Рич… Они были лучшими друзьями с детского сада, а теперь брат Элис совсем перестал ему доверять. В свое время Колу стоило откровенно рассказать Ричу о своих чувствах к Элис, искать его поддержки, а не спать с ней тайно. Теперь Кол потерял их обоих — людей, заменивших ему семью.
Черный костюм Кола висел на спинке стула у обеденного стола вместе со свежей черной рубашкой и черным галстуком. Кол изнемогал от зноя, но твердая приверженность традициям не позволяла явиться на похороны в чем-то кроме черного… даже если он и не оплакивал покойного.
— Доброе утро. — Из спальни показалась Элис, ее растрепанные волосы стояли торчком, создавая вокруг головы подобие львиной гривы.
На ней красовалась одна из его футболок, которая мягко льнула к телу, скрывая всю восхитительную фигуру, кроме стройных ног балерины. У Кола перехватило дыхание. Он хотел признаться Элис в своих чувствах, но в этом не было ни малейшего смысла. Сжимая ее в объятиях прошлой ночью, Кол понимал, что этому скоро придет конец. Ему следовало быть жестким — ради ее же блага. Связывавшие их незримые узы требовалось разрубить, и у Кола было достаточно сил, чтобы сделать это.
— Мне пора домой, — сказала Элис, прислоняясь к дивану напротив.
Что ж, все предельно ясно — она упрощала ему задачу. Кол должен был чувствовать облегчение, но ее слова с невыносимой остротой пронзили ему сердце.
— Хорошо.
— Я ведь не могу пойти на похороны в этой футболке, ведь правда? — мягко улыбнулась Элис.
Он ушам своим не поверил.
— Что?
— Похороны твоего отца. — Нахмурившись, она склонила голову. — Мне казалось, они сегодня.
— Да, сегодня, но я не думал, что ты пойдешь.

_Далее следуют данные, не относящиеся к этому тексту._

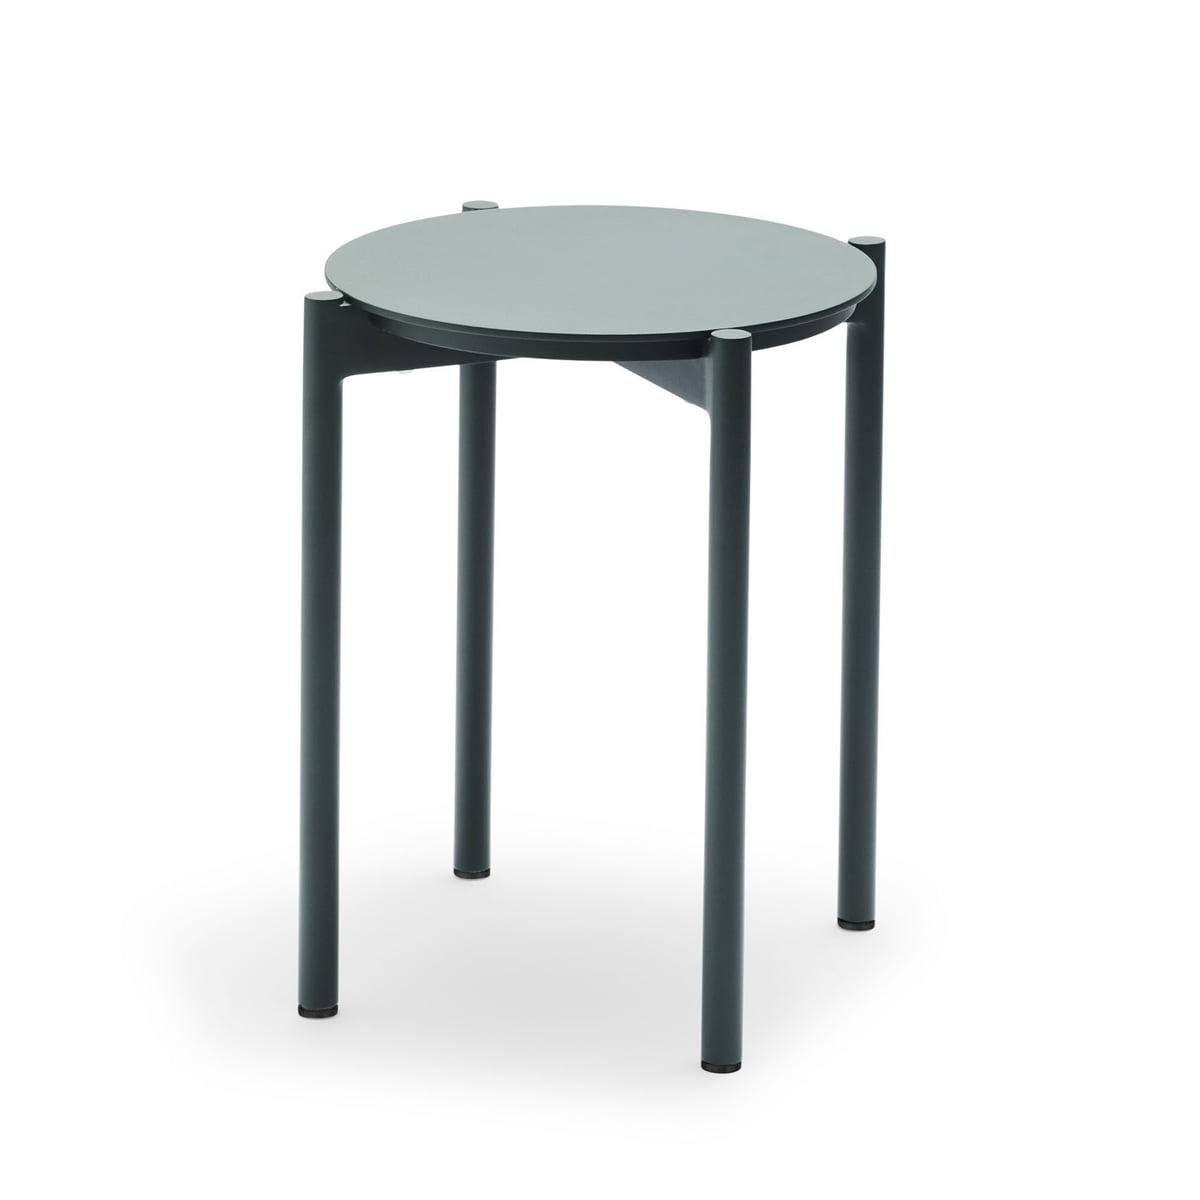 Outdoor Hocker picnic stool by skagerak connox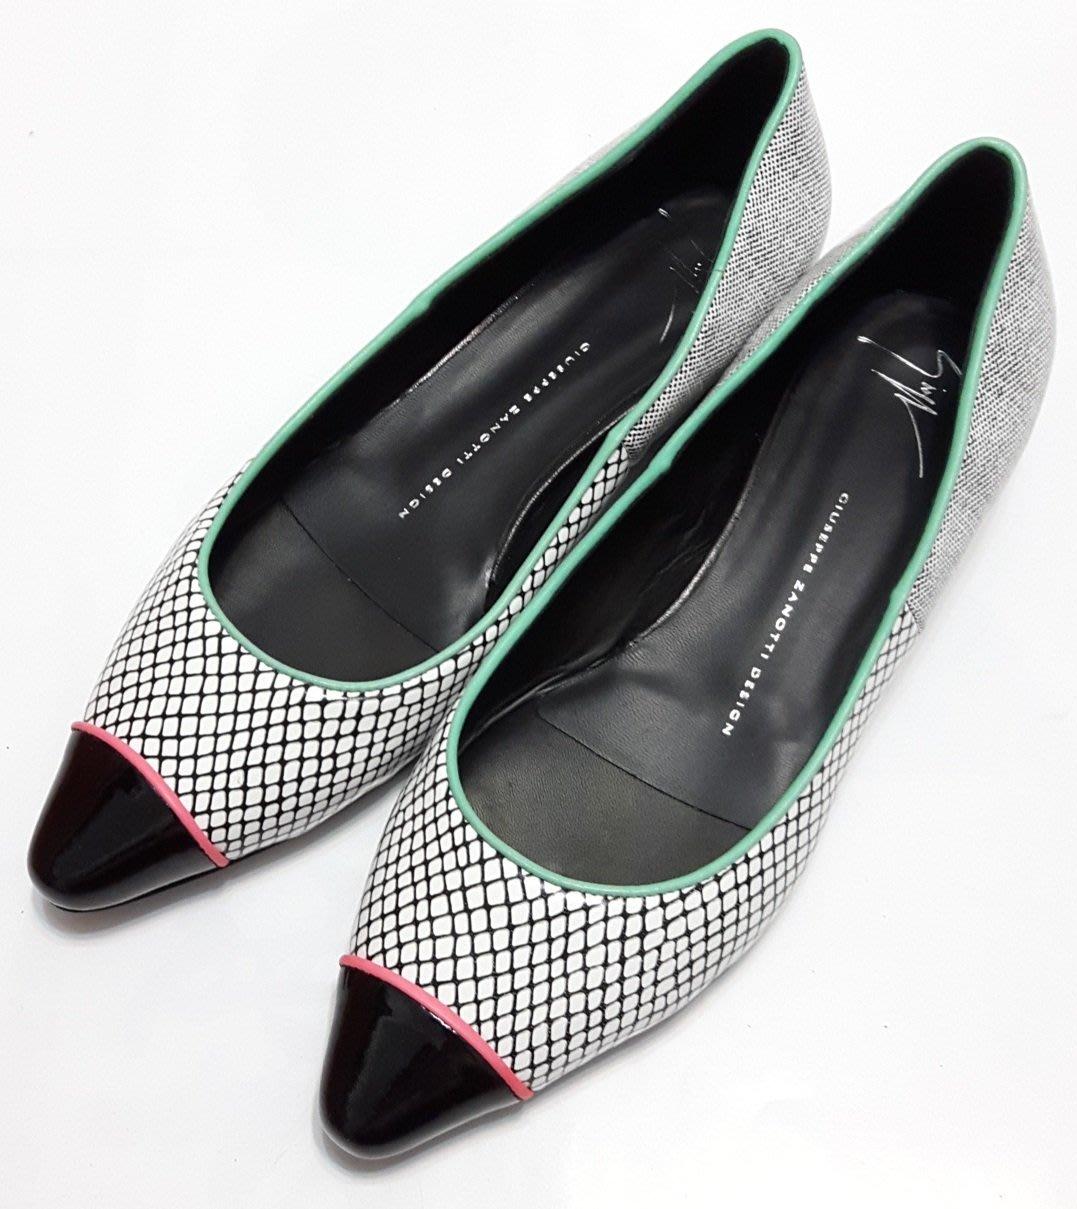 Giuseppe Zanotti Design 義大利製 全新 網格紋 平底鞋 尖頭包 低跟鞋 GZD 送口罩一片

— Я была бы не самым лучшим другом, если бы бросила тебя одного в такой момент, не так ли?
«Другом». С уст Кола чуть не слетел горький смешок. Ну конечно, Элис хотела утешить его по-дружески… не более того.
— Я не хочу, чтобы ты шла на похороны.
— Почему нет? — Она уперла руки в бедра.
— Он не заслужил твоего появления там, Элли. — Кол встал и подошел к стулу с висевшей на нем одеждой.
— Я иду туда не ради него. Я иду туда ради тебя.
Кол накинул рубашку и застегнул пуговицы. Потом натянул брюки от костюма — и тут же почувствовал себя стесненно. Он ненавидел носить костюм с галстуком, это сковывало его, будто подчиняло чужому контролю. Но сегодня Кол независимо от костюма чувствовал себя неловко.
— Я сказала, что иду туда ради тебя, Кол, — повторила Элис. — Ты мне небезразличен.
Кол замер и поднял взгляд на Элис, ища на ее лице какой-нибудь признак того, что она вот-вот откроется ему. Она, казалось, хотела что-то сказать, но потом передумала.
— Я небезразличен тебе как кто? Как брат, друг?..
Она тяжело задышала, но так ничего и не ответила. А Кола в который раз посетило стойкое ощущение дежавю: он просил Элис откровенно сказать, что она к нему чувствует, но она лишь отмалчивалась.
— Как кто? Мне нужно знать.
— Ну почему ты так настаиваешь на этом, Кол? — Элис покачала головой, отворачиваясь от него. — Ты знаешь, мне не лучшим образом даются все эти объяснения.
— Потому что я имею право знать. — Кол сглотнул, и слова вдруг полились сами собой, будто что-то сломалось у него внутри, и все, что он когда-либо чувствовал, хлынуло с его уст неудержимым потоком. — Я люблю тебя, Элли, и не могу больше мучиться сомнениями, не зная, любишь ли ты меня или нет.
Элис повернулась к нему, ее лицо побледнело, и Кол впервые в жизни заметил, как ее прекрасные черты исказила мука. Он наконец-то увидел ее настоящую, но спустя мгновение ее лицо снова стало бесстрастным.
— Я люблю тебя как друга, Кол. Это все, что я могу дать, и я не хочу обещать тебе большего.
Он взял галстук и, накинув на шею, затянул его, будто петлю. Что ж, по крайней мере, теперь он знал, что может по-прежнему жить своей собственной жизнью и навсегда вычеркнуть из нее семью Джонсон.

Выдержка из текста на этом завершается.